Directions for this task =>
Restate each line below word for word, skipping every picture.

Dataset extract =>
^^^^

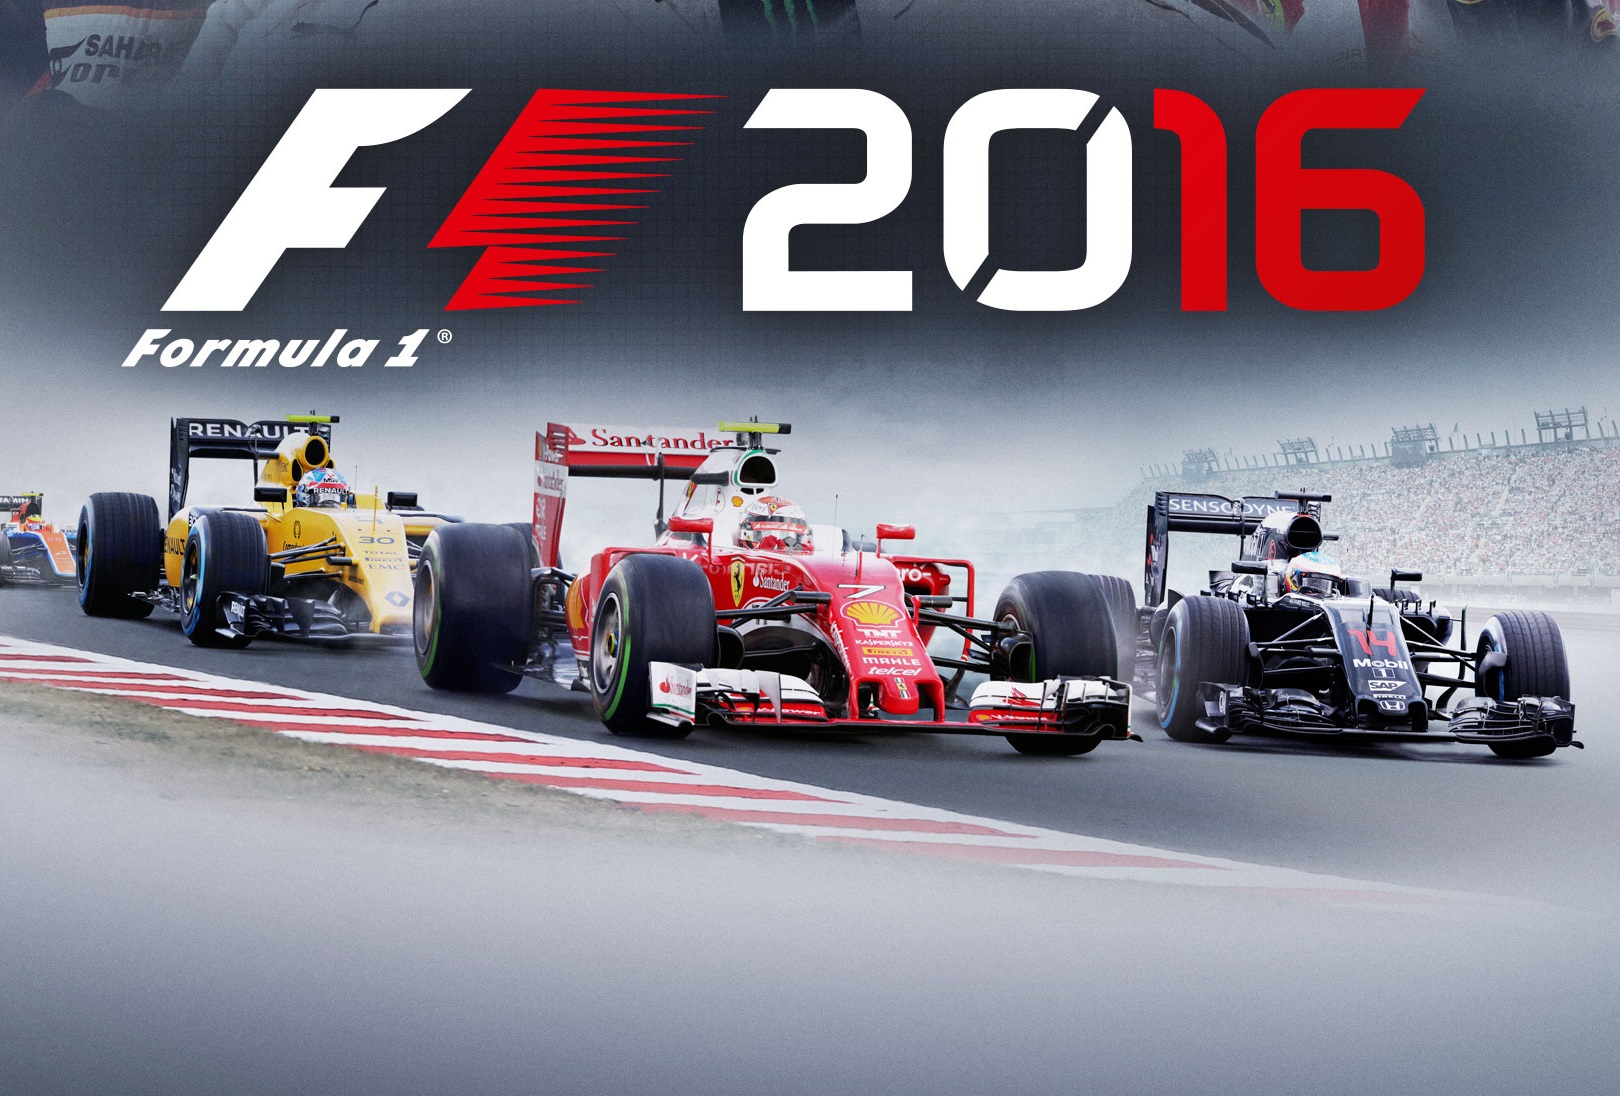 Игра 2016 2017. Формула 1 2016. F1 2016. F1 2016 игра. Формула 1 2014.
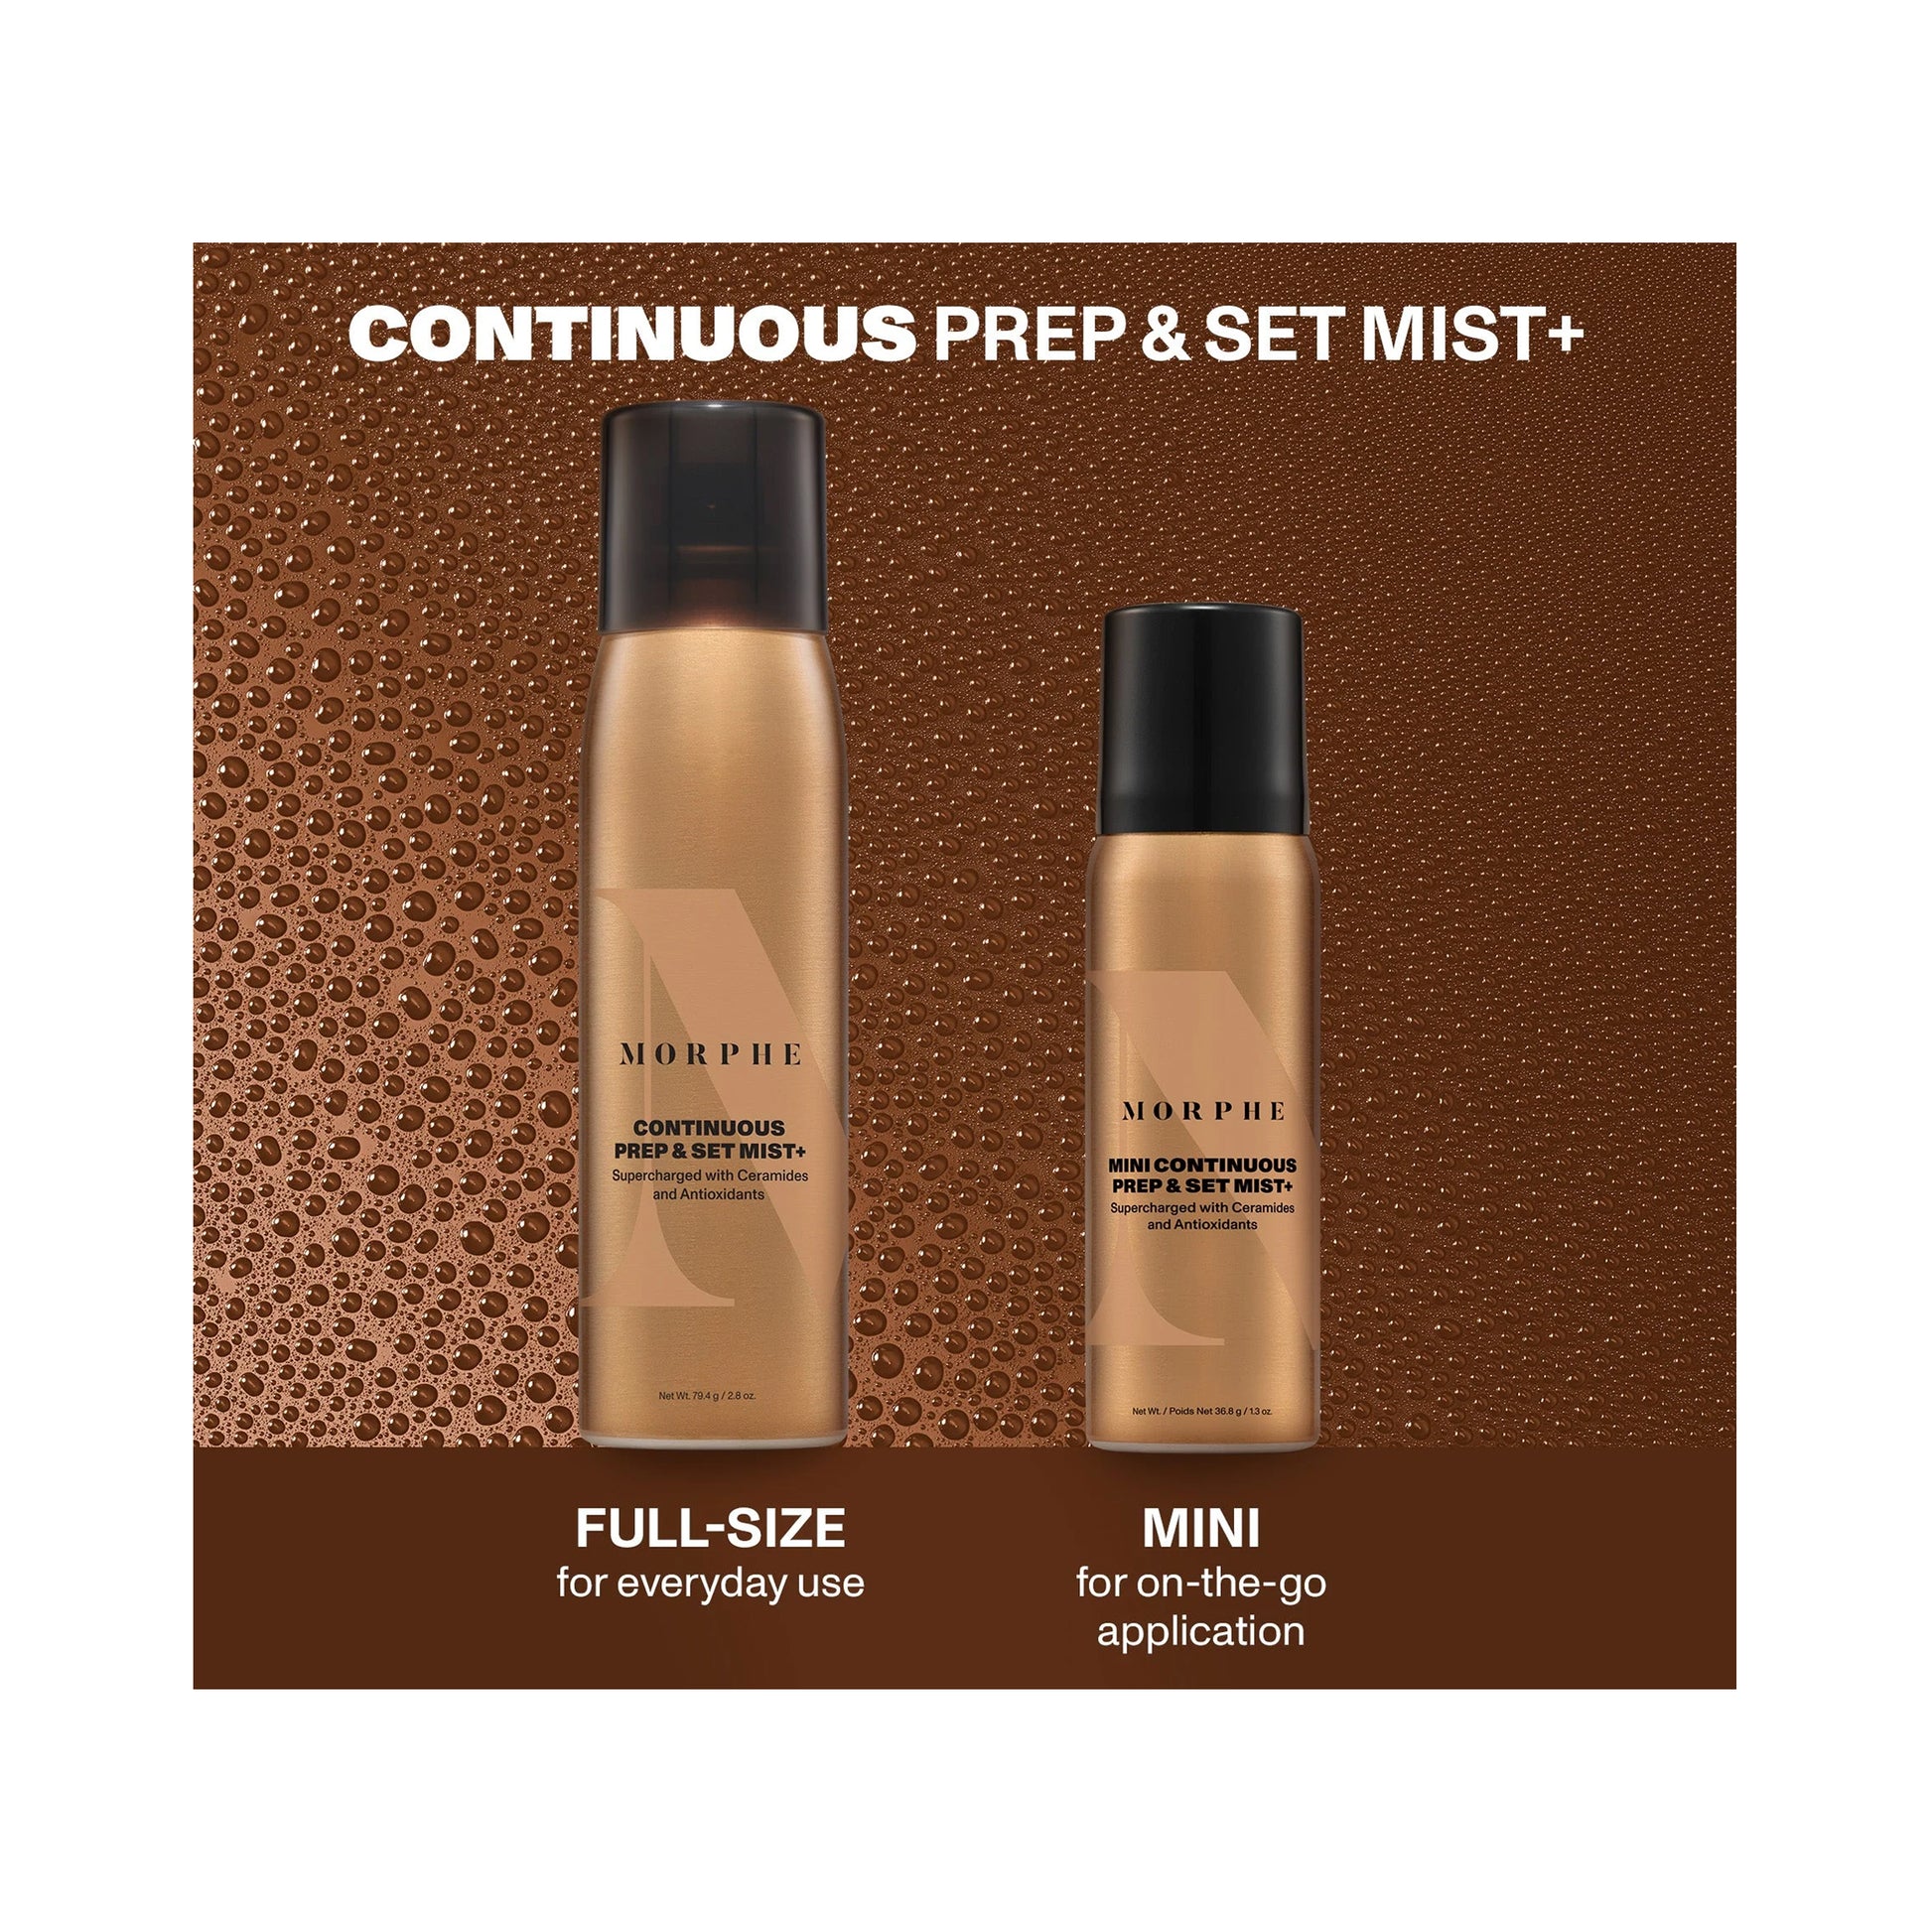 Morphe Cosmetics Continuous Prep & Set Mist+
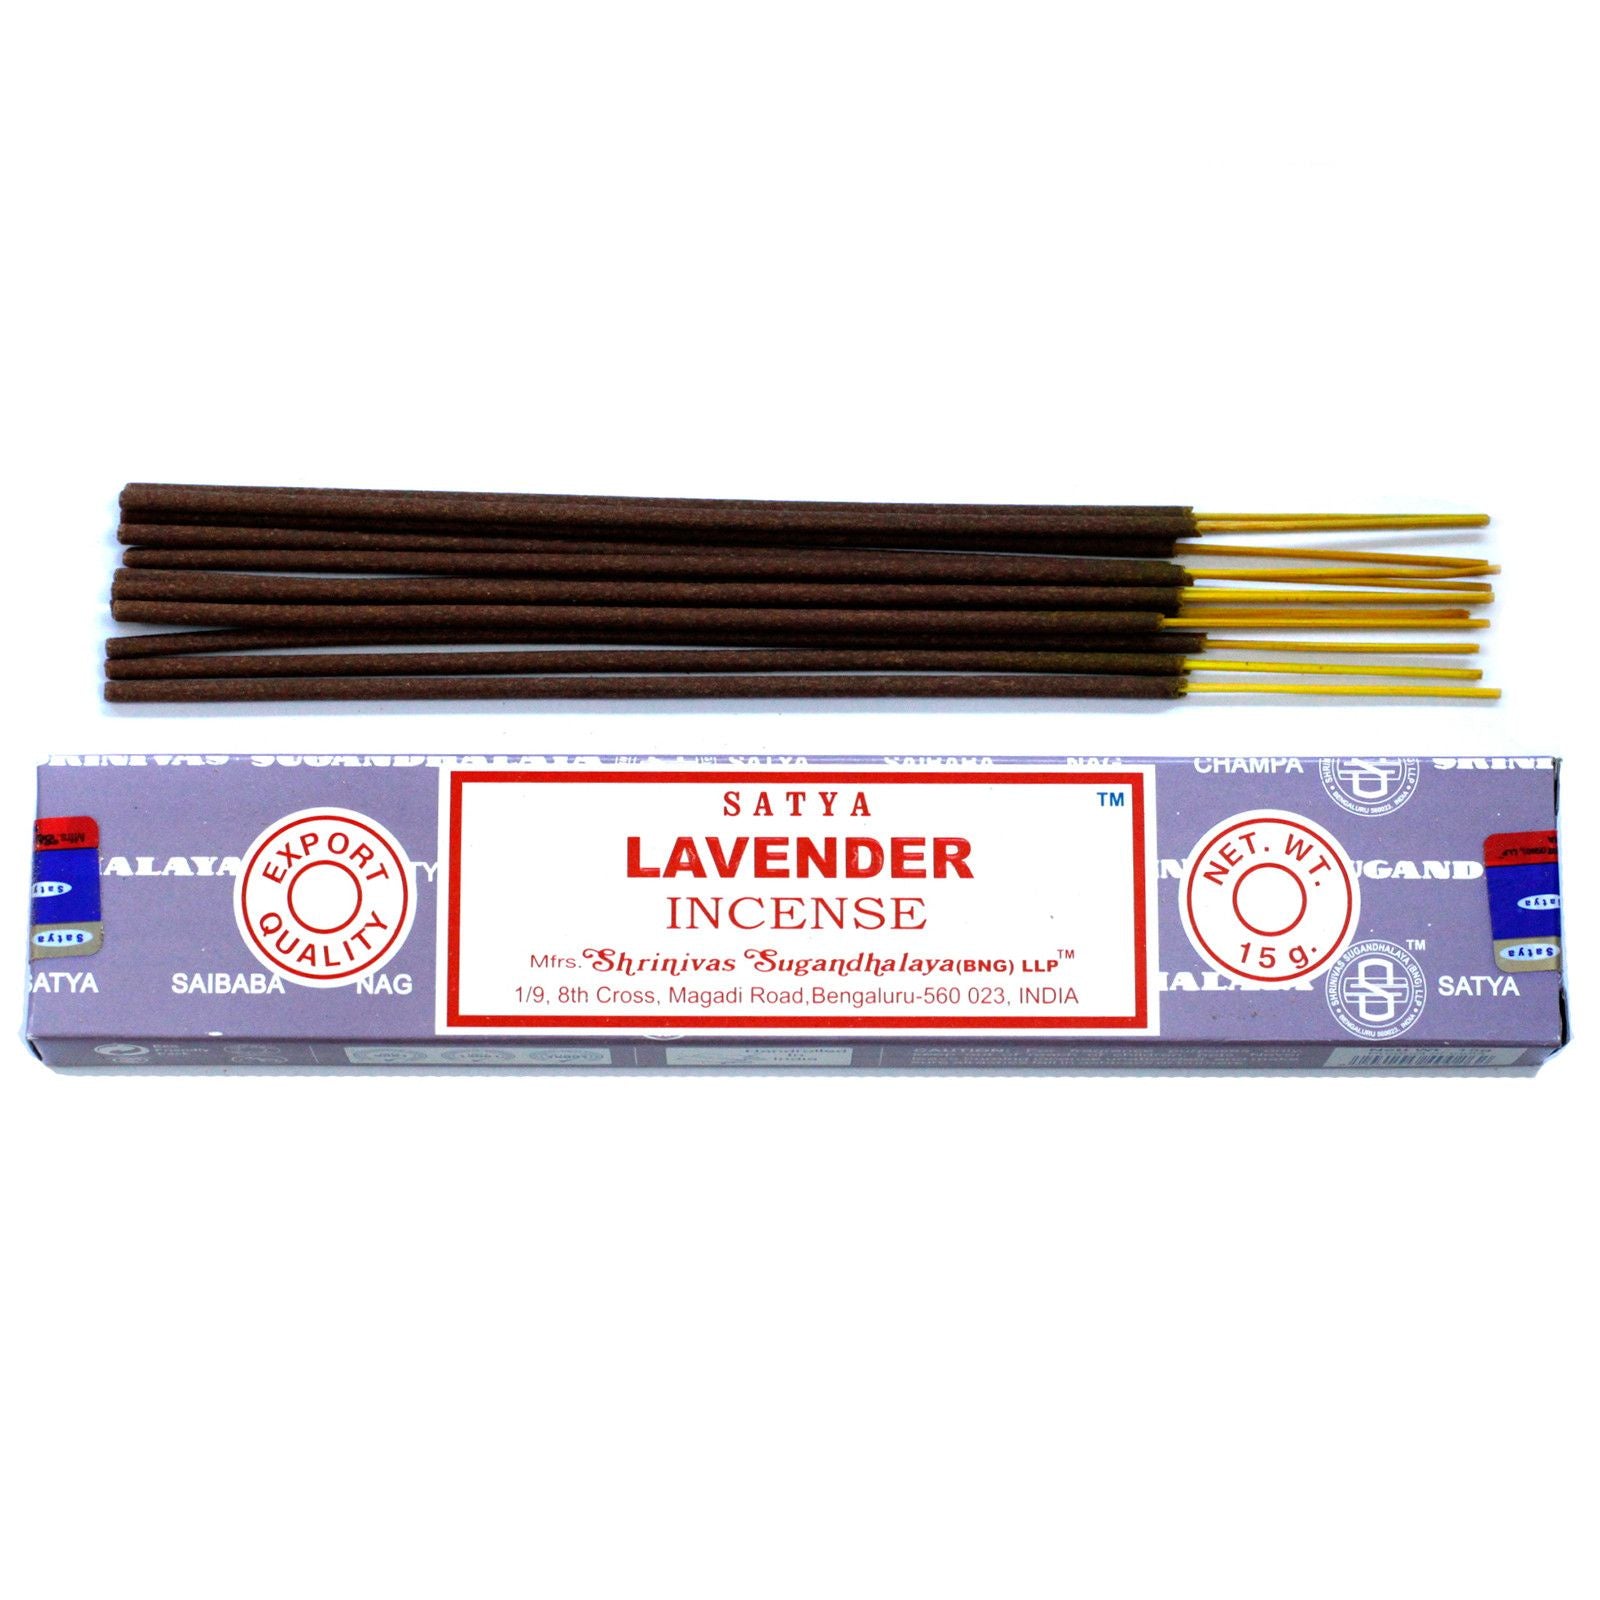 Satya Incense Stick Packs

^^^^

Final answer =>
 Игра 2016 2017. Формула 1 2016. F1 2016. F1 2016 игра. Формула 1 2014.
 Morphe Cosmetics Continuous Prep & Set Mist+
 Satya Incense Stick Packs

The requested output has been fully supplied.